## [Work instructions]
Without the pictures, write the listing below out again, line for line.

## [Stored data]
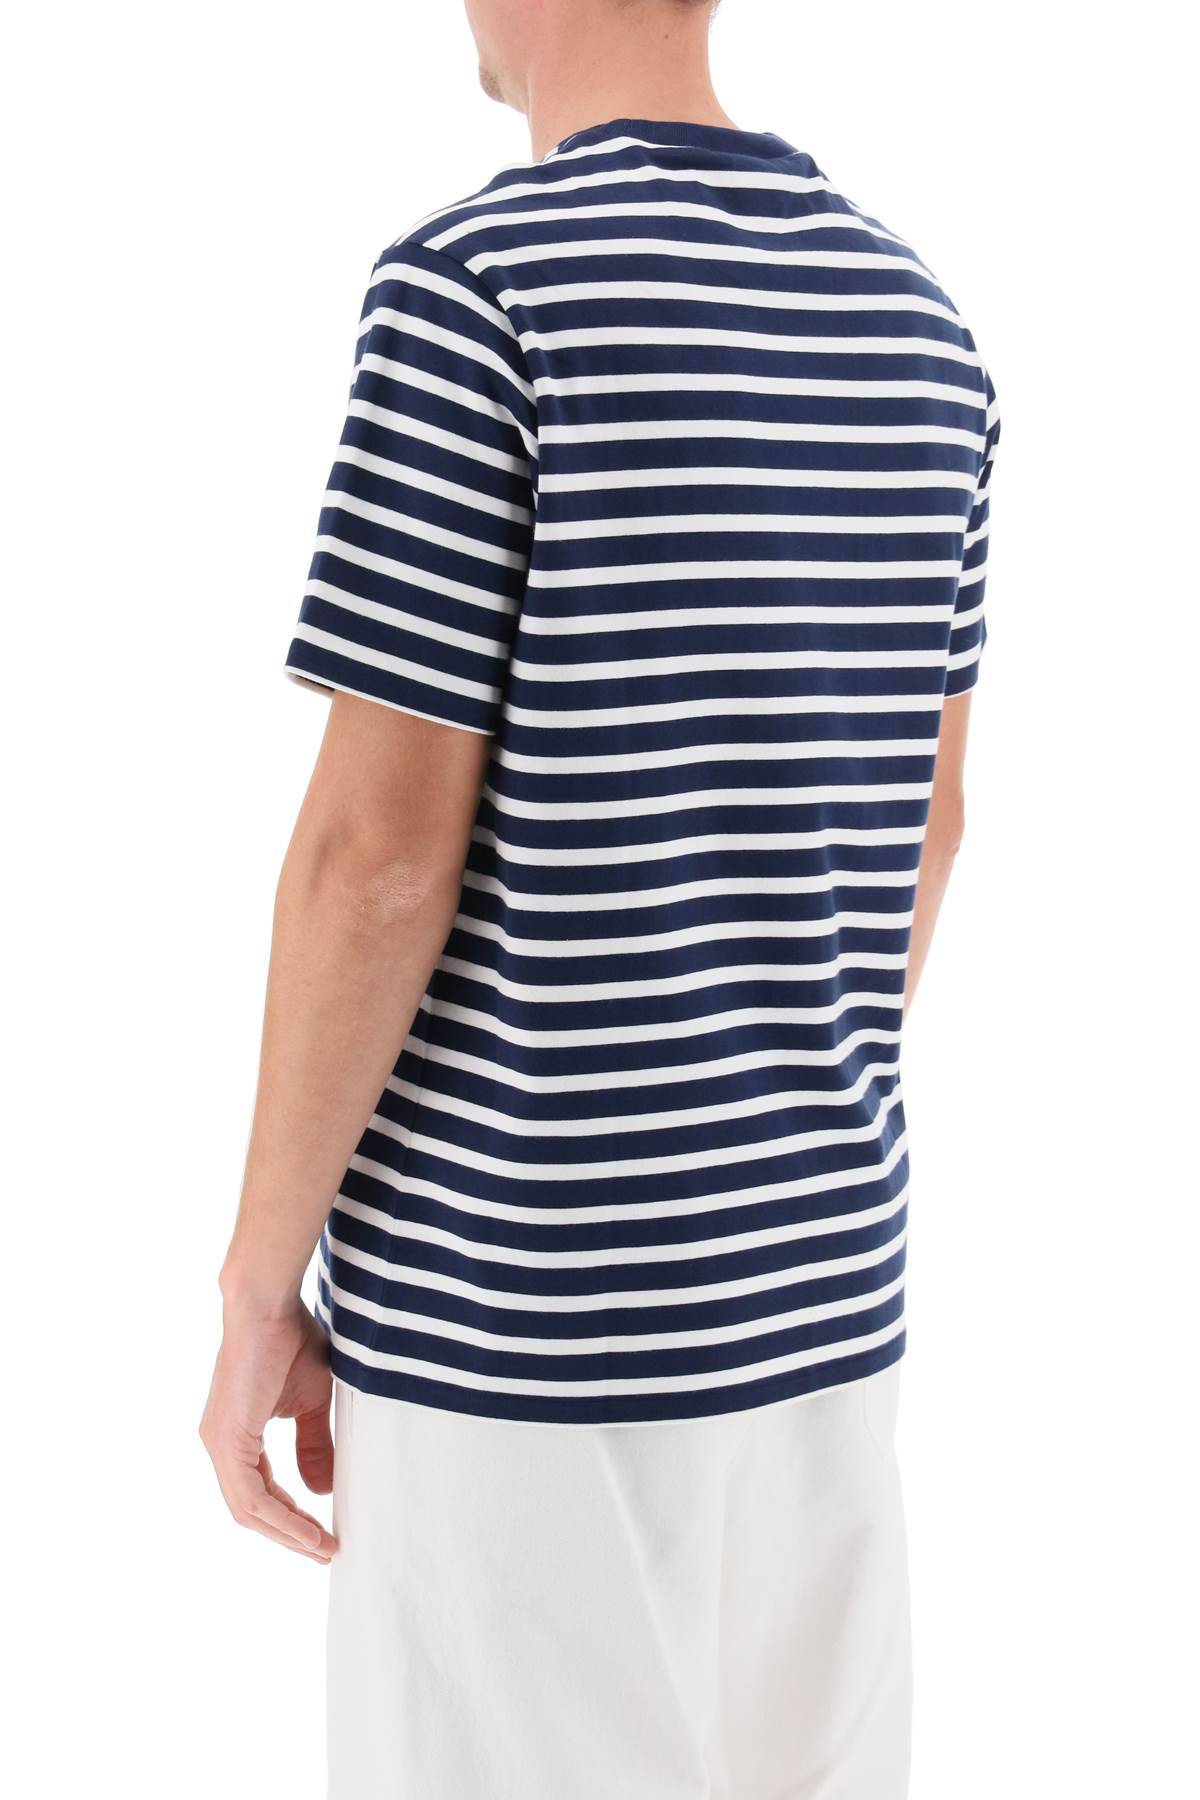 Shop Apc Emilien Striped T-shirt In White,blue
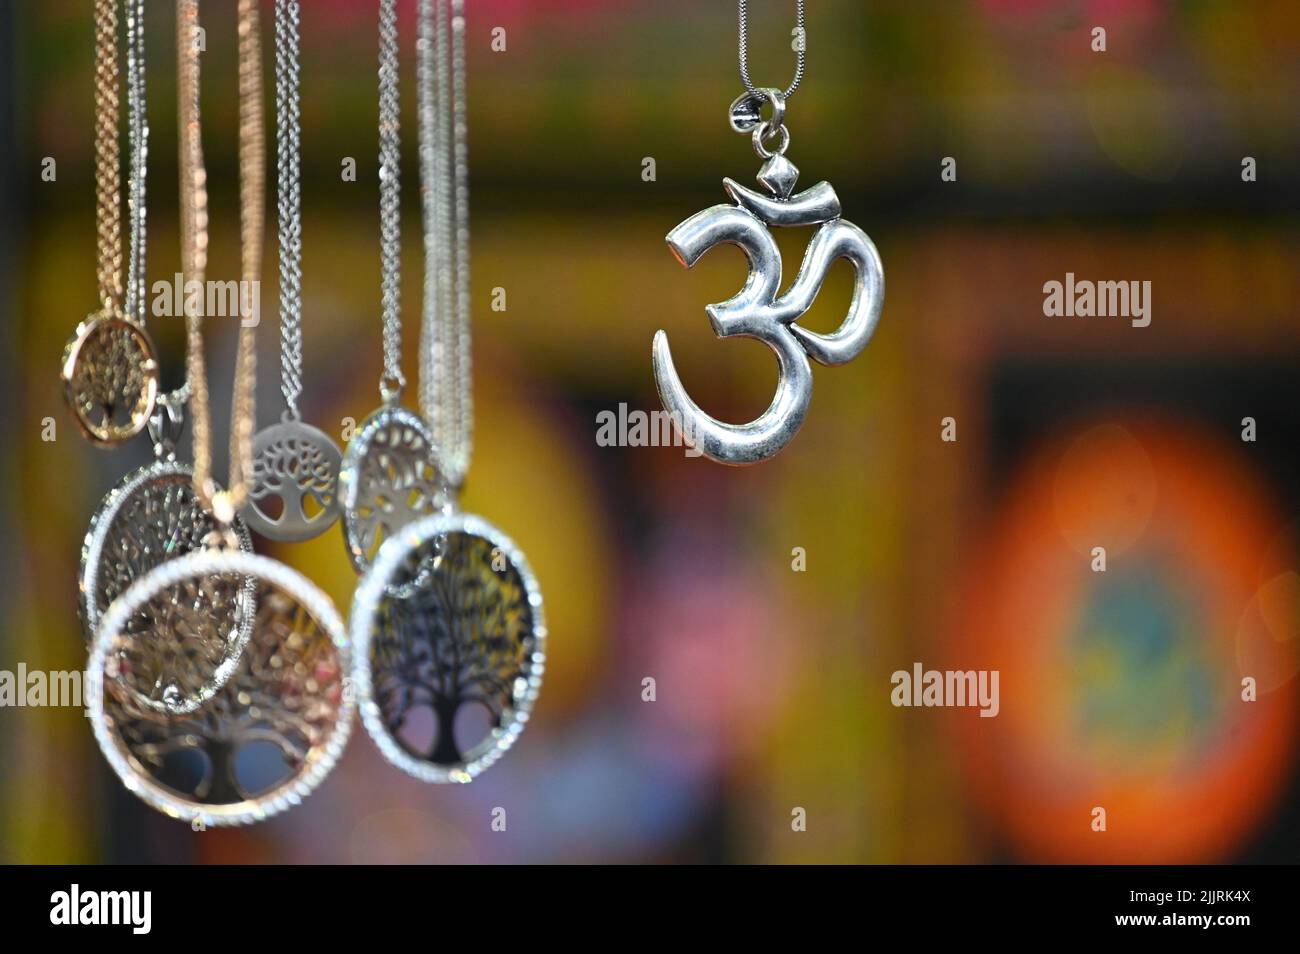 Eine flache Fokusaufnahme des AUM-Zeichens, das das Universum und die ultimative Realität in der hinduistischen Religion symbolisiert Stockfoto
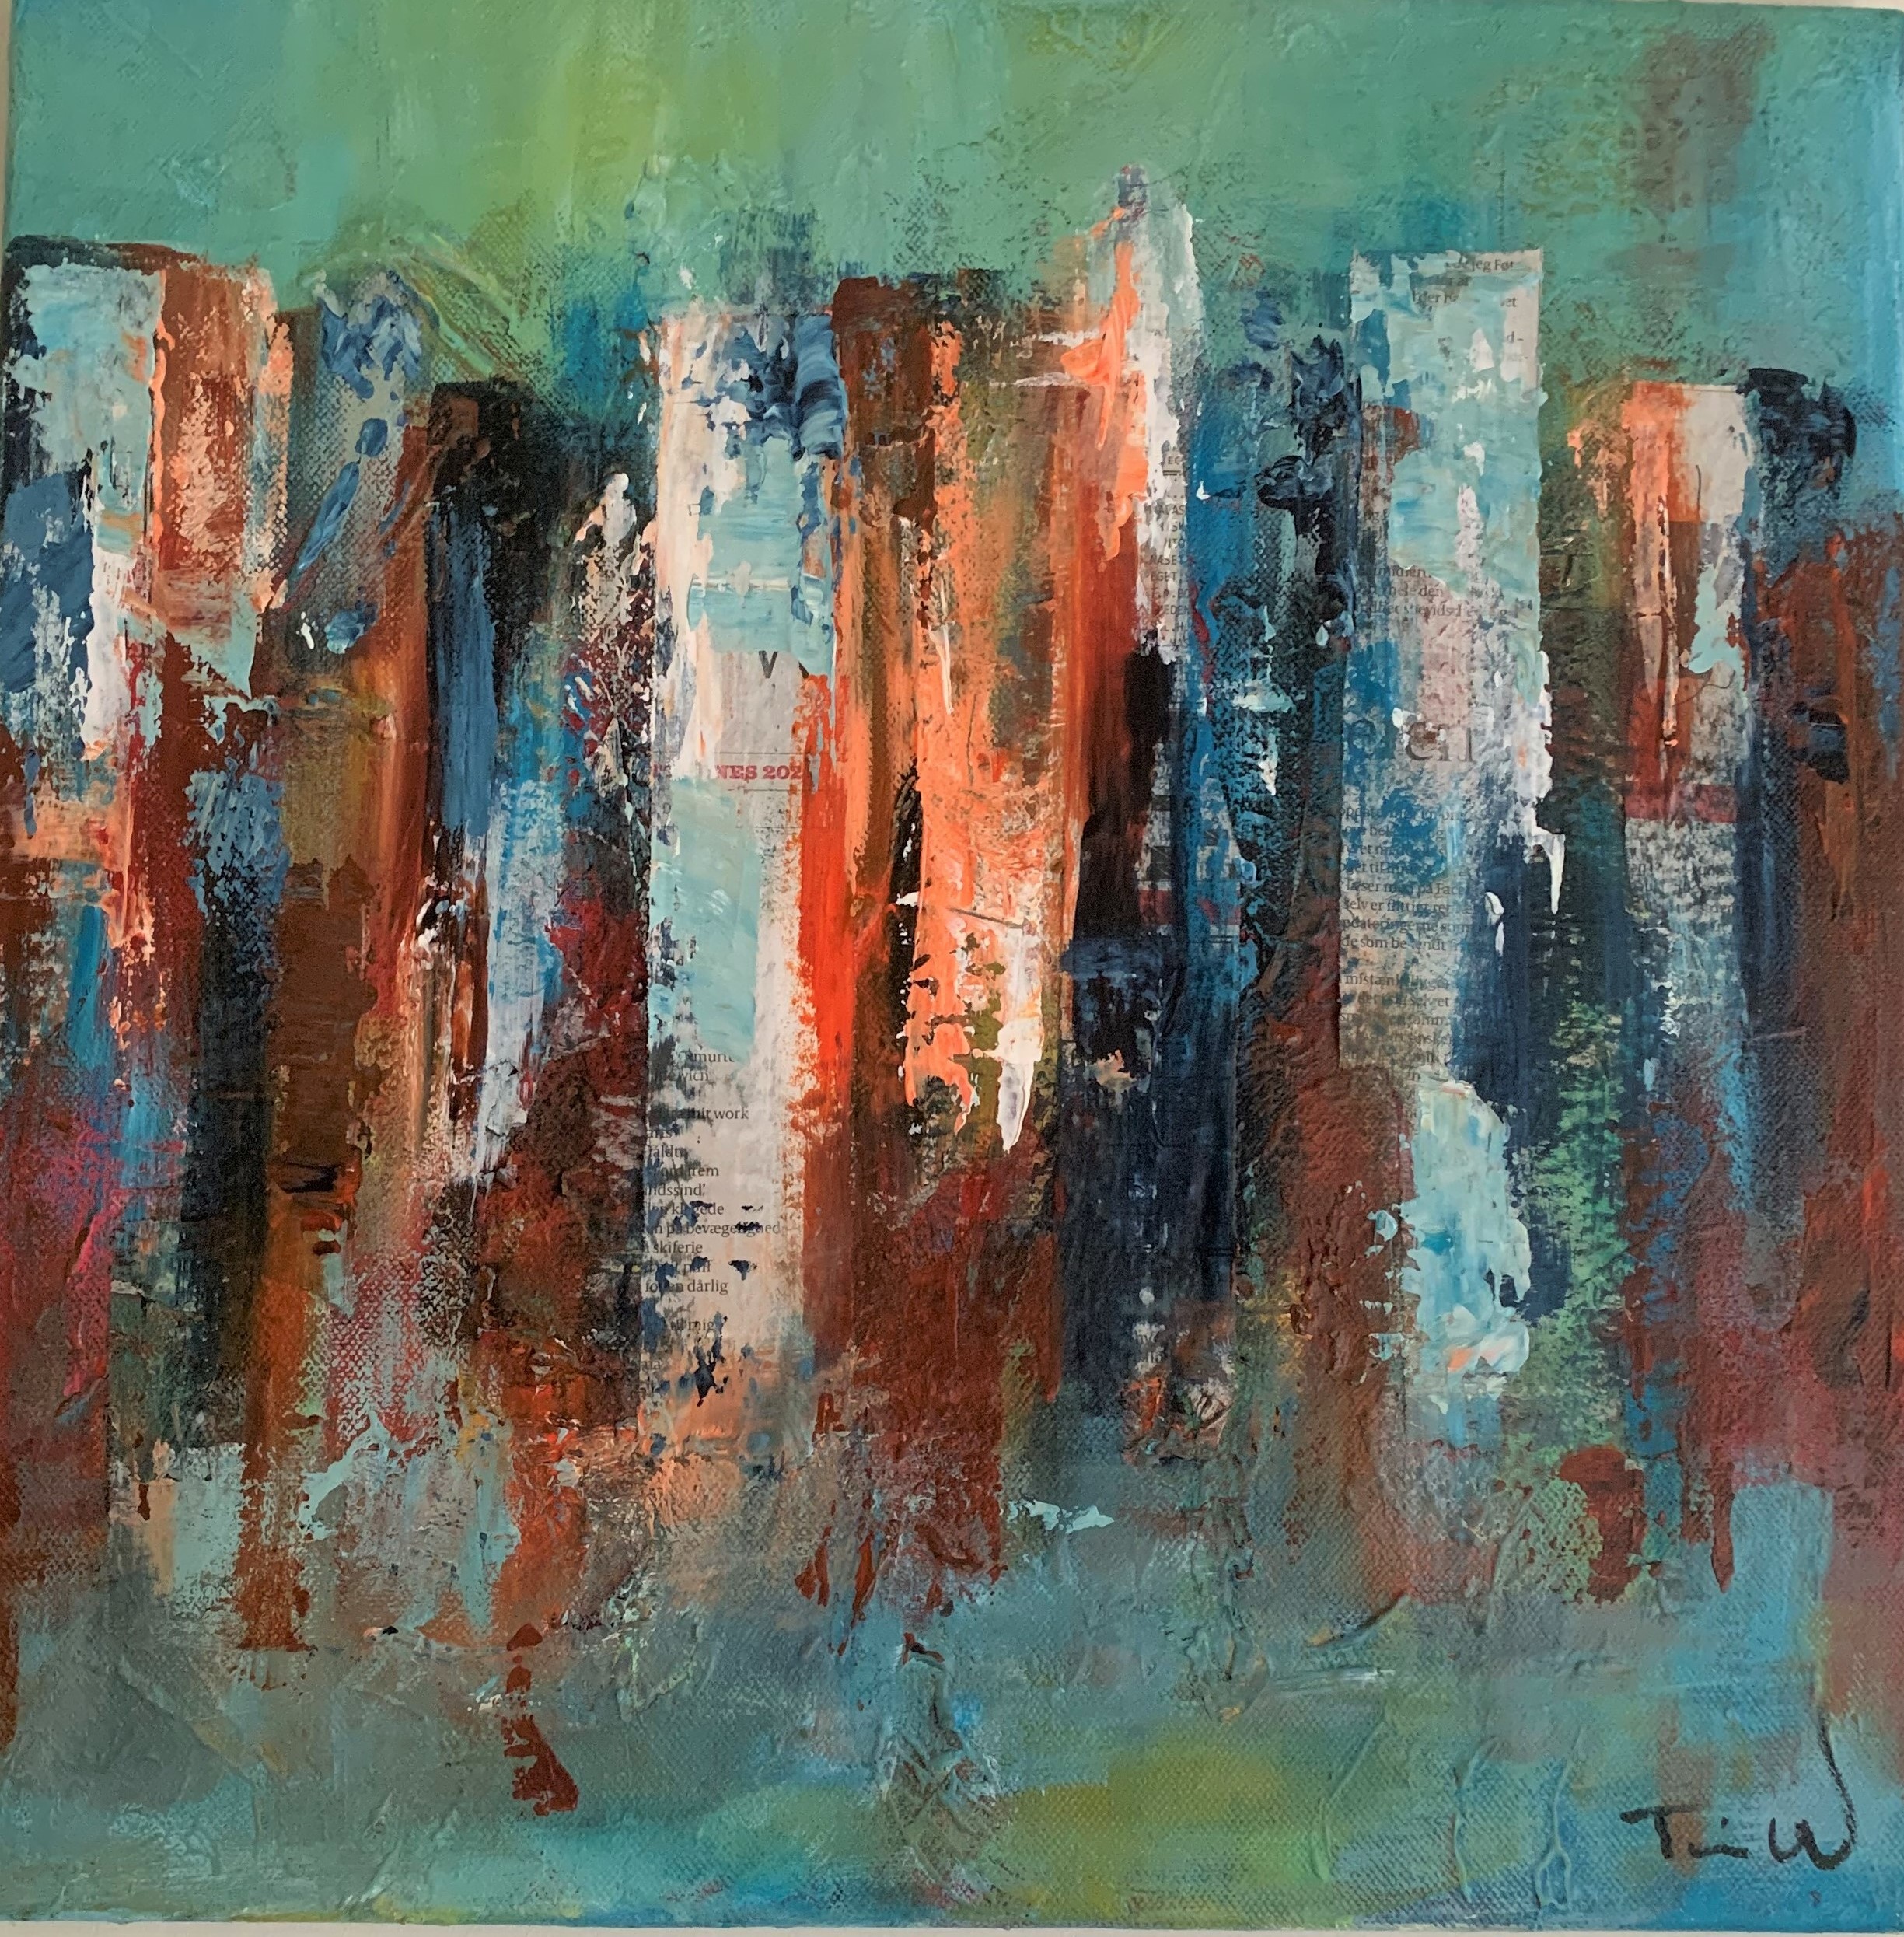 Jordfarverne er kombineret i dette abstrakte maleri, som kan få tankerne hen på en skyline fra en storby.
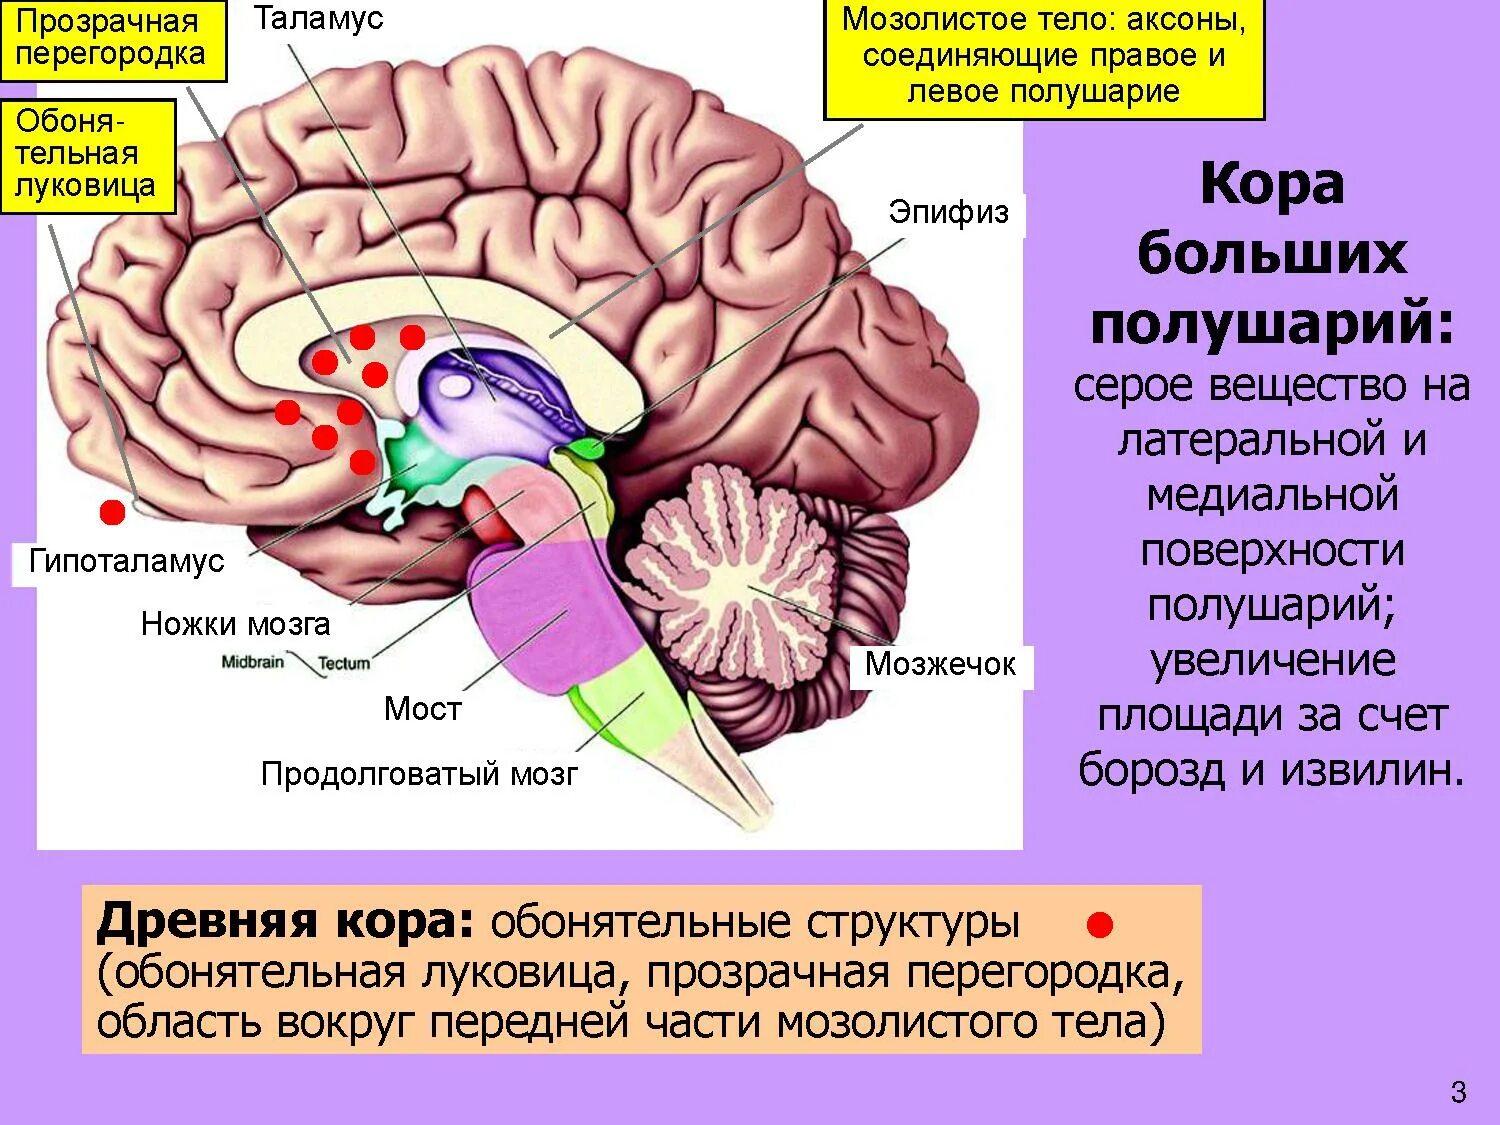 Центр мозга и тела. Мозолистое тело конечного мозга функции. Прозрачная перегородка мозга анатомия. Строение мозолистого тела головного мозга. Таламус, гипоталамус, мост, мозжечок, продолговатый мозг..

## [Written reply]
 Shop Apc Emilien Striped T-shirt In White,blue
 Eine flache Fokusaufnahme des AUM-Zeichens, das das Universum und die ultimative Realität in der hinduistischen Religion symbolisiert Stockfoto
 Jordfarverne er kombineret i dette abstrakte maleri, som kan få tankerne hen på en skyline fra en storby.
 Центр мозга и тела. Мозолистое тело конечного мозга функции. Прозрачная перегородка мозга анатомия. Строение мозолистого тела головного мозга. Таламус, гипоталамус, мост, мозжечок, продолговатый мозг..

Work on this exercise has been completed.